=== SUPPLIED DATA ===
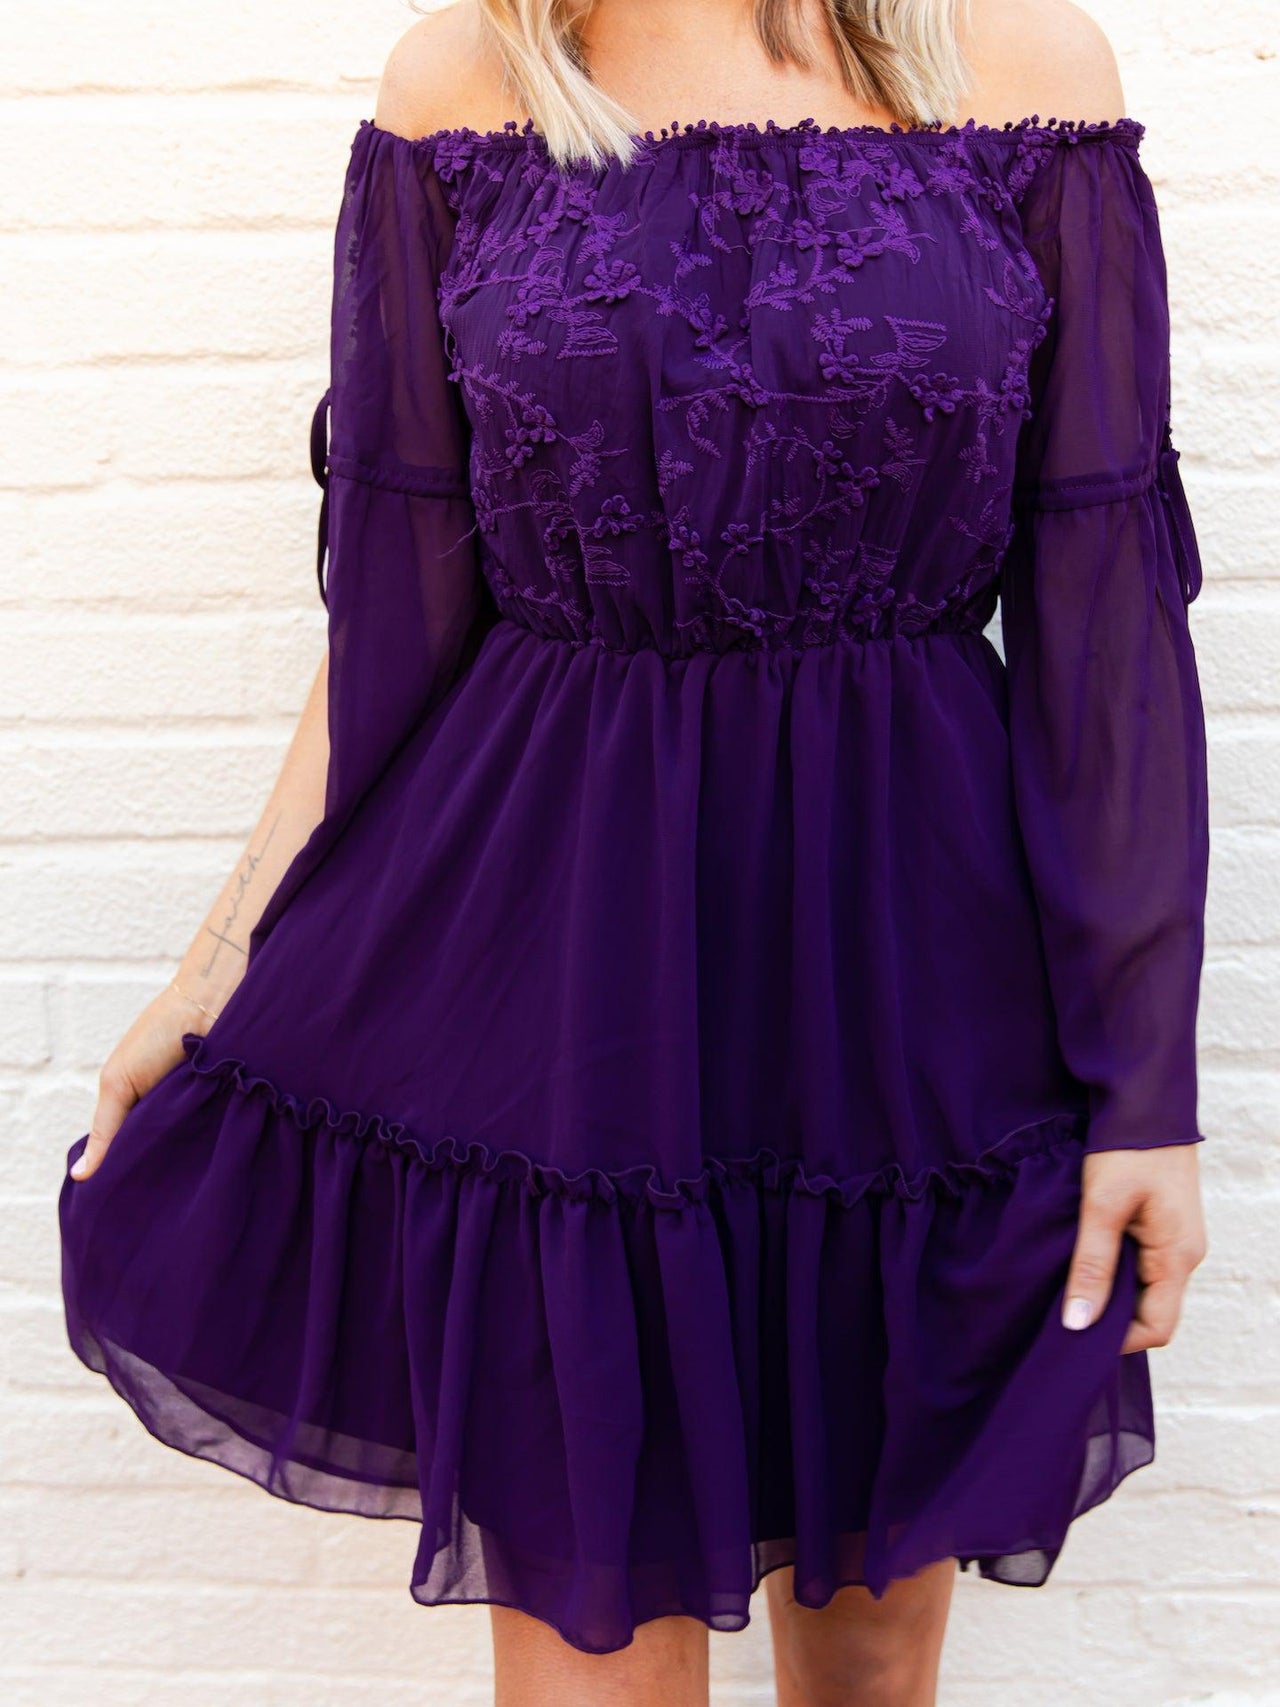 Cheerful Wishes Dress - Purple-Dresses-Southern Fried Chics
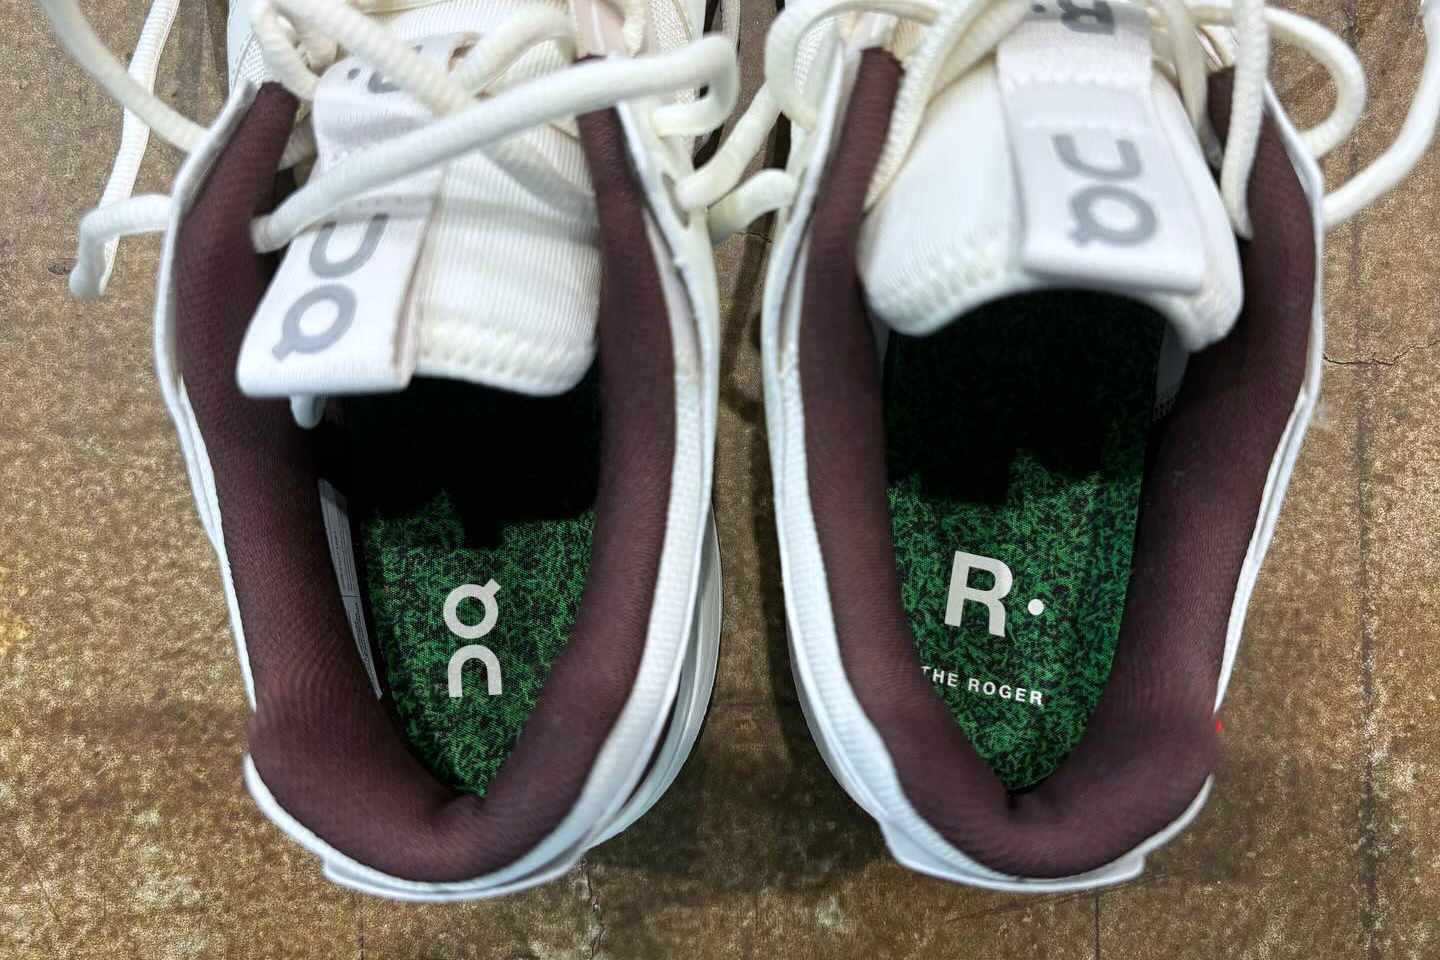 Roger Federer's On ROGER tennis sneaker in white and black with grass insole designed by atmos Japan
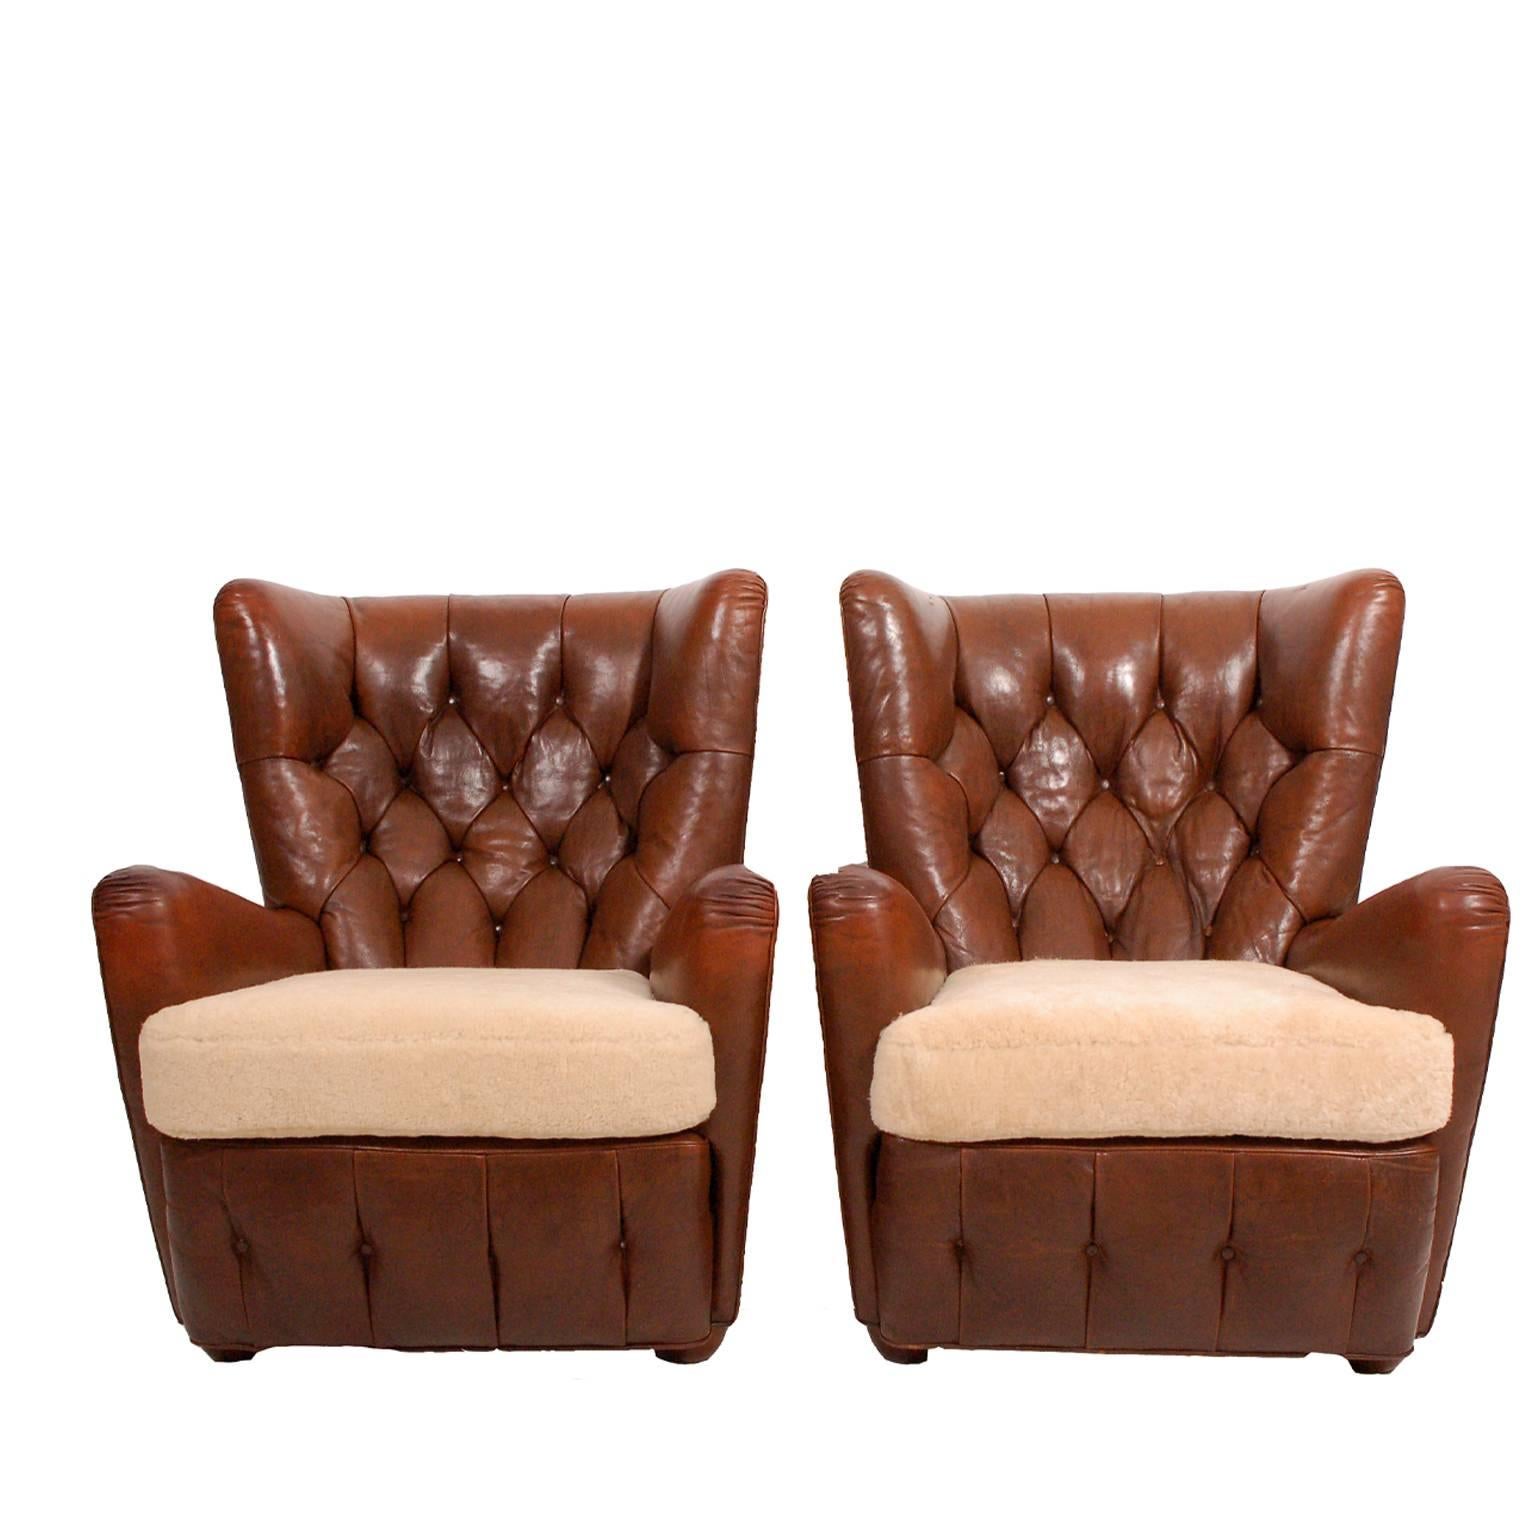 1920s Chesterfield high back leather easy chairs with button back and base, sheepskin seats and original brown leather. Brass nailhead trim to both. On beechwood feet. Sold as a pair only.
===
(EXERCISE REQUIREMENTS): Set out exactly, and only, the lines between the first line of the listing and the line containing "Roger Federer's On", counting both, while leaving every picture out.

(WRITTEN ANSWER):
 Cheerful Wishes Dress - Purple-Dresses-Southern Fried Chics
 Roger Federer's On ROGER tennis sneaker in white and black with grass insole designed by atmos Japan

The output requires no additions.